= Municipality of Collie =

Former local authority in Western Australia

The Municipality of Collie was a local government area in Western Australia, centred on the town of Collie. It covered an area of 1,170 acres in the Collie and Worsley townsites in 1950.

It was established on 17 May 1901, separating the town of Collie from the surrounding Collie Road District, which had been established a year earlier. The process of establishing the new municipality had been fraught: local residents had been divided regarding the municipality, with public meetings being held for and against the move, and then initial proclamations in January and again in early May were found to be invalid due to technical errors, resulting in its formal establishment being delayed until mid-May. The first election was finally held on 27 July 1901, with J. C. Coombes becoming the first mayor.

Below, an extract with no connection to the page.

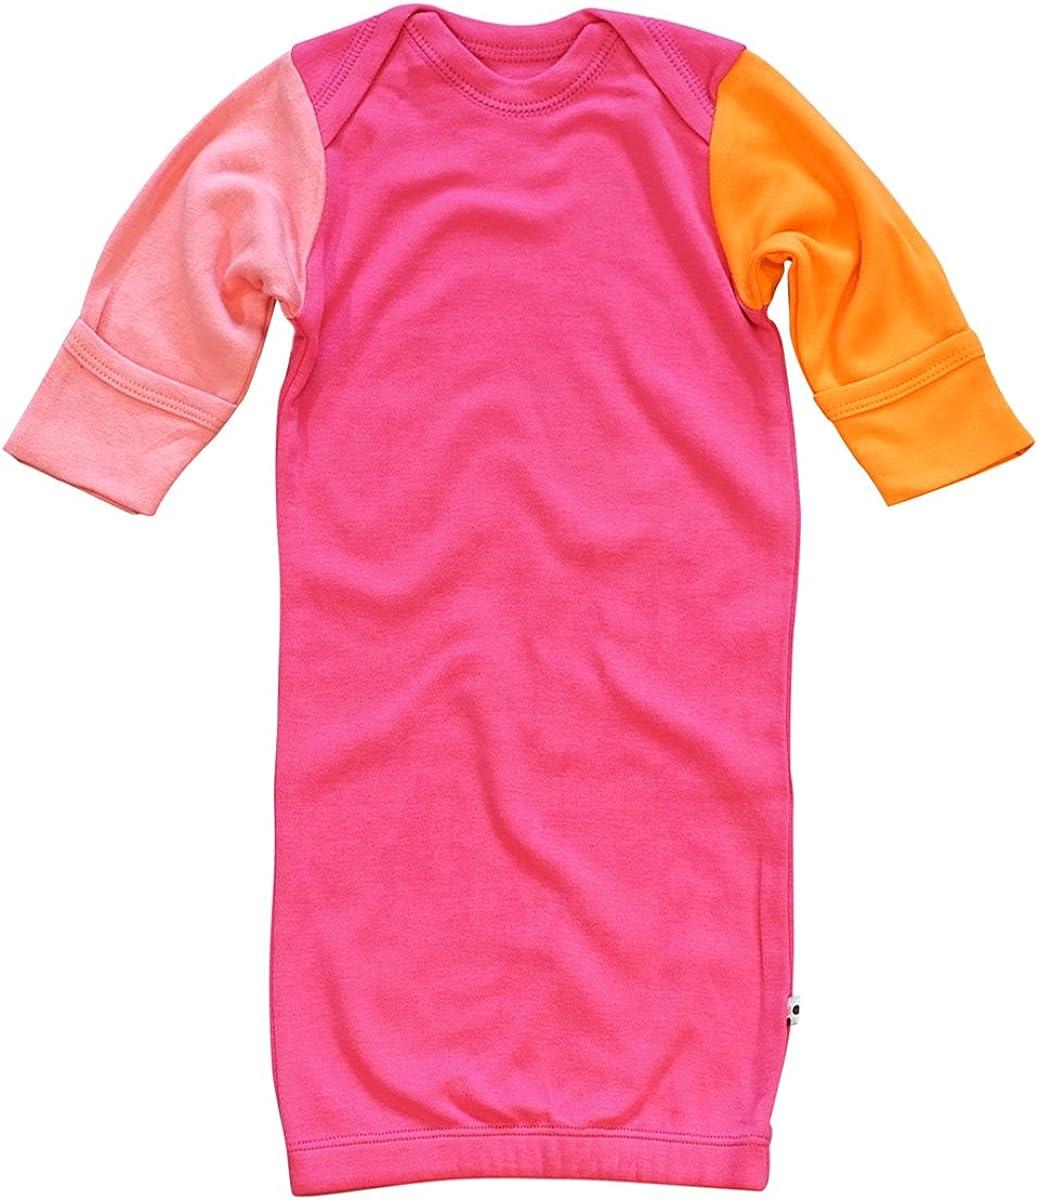 Babysoy Long Sleeve Mix Color Organic Gown/Bundler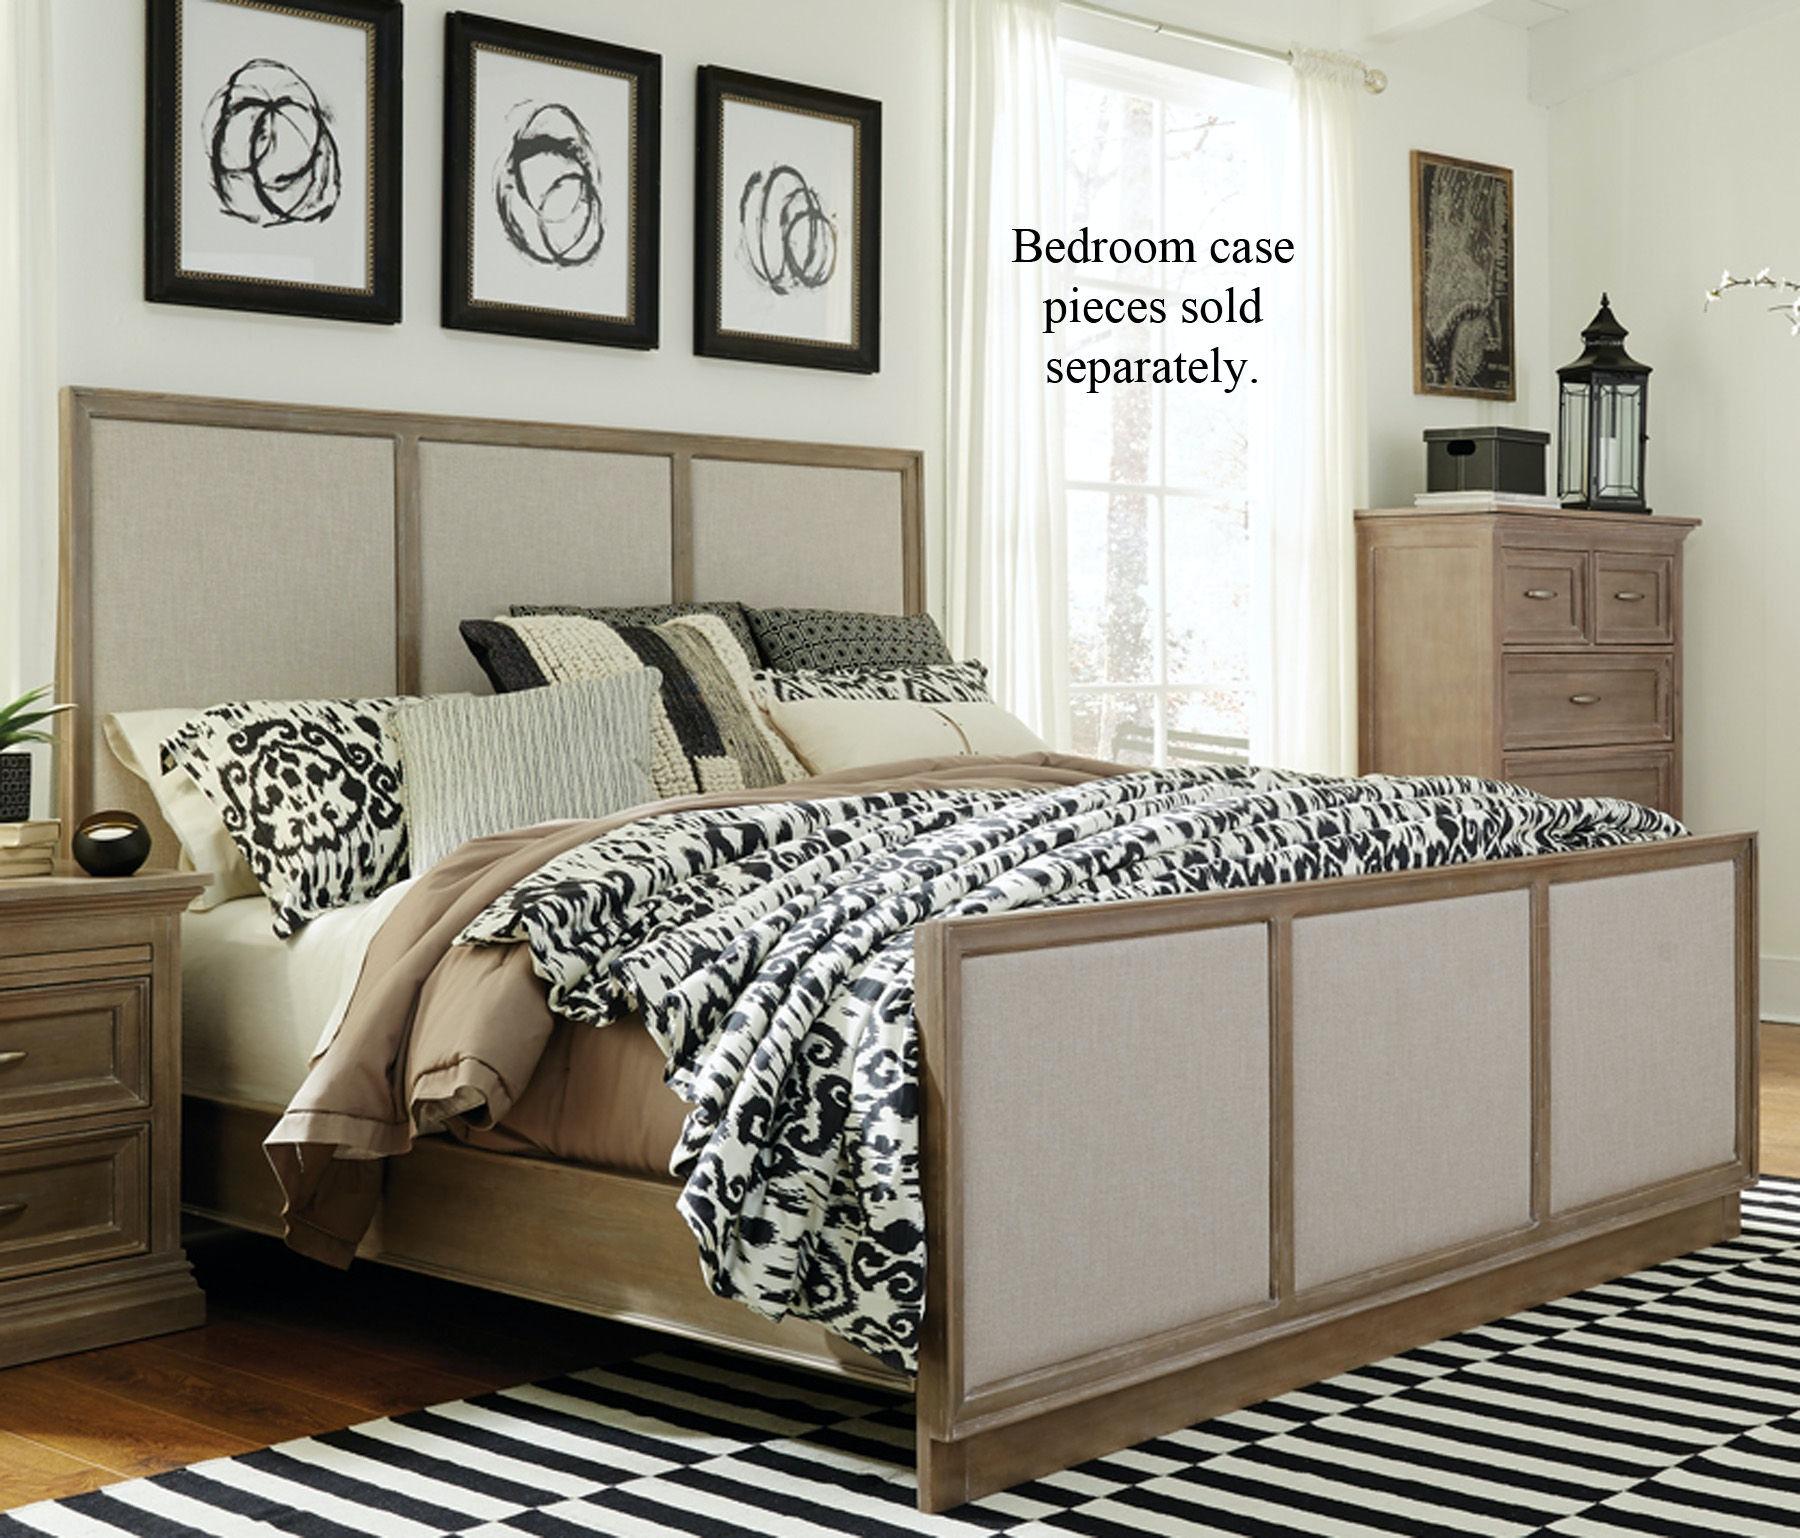 john thomas bedroom king upholstered bed in taupe gray bd09 301kh rh ncfurniture com

The municipal council consisted of nine councillors elected at large and a directly elected mayor. The new municipality assumed the functions of the Collie Coalfields Local Board of Health, which had existed since 1897, and initially met at the health board's offices. It soon negotiated space for a council chambers in the Collie Mechanics' Institute building. The municipality built permanent municipal buildings on the corner of Throssell Street and Steere Street in 1907, consisting of a two-storey building with three shops facing the street, two sitting rooms at the rear, and the council chamber, mayor's office, town clerk's office and other offices on the first floor. The buildings were demolished during the 1970s to make way for the current Shire of Collie Council Chambers.

It ceased to exist on 2 March 1951, when it merged with the Collie Road District to form the Collie Coalfields Road District following a report from the secretary of the Department of Local Government recommending amalgamation. The recommendation was supported by a "large majority" of ratepayers at a public meeting in November 1950. The municipality had been financially struggling, running a substantial deficit in the previous year and being unable to afford to carry out needed maintenance and construction work and facing criticism over the state of council services. The former municipality became the seven-member Town Ward of the thirteen-member amalgamated council.

Herbert Wells served as mayor of the council, while George Henderson served as a councillor.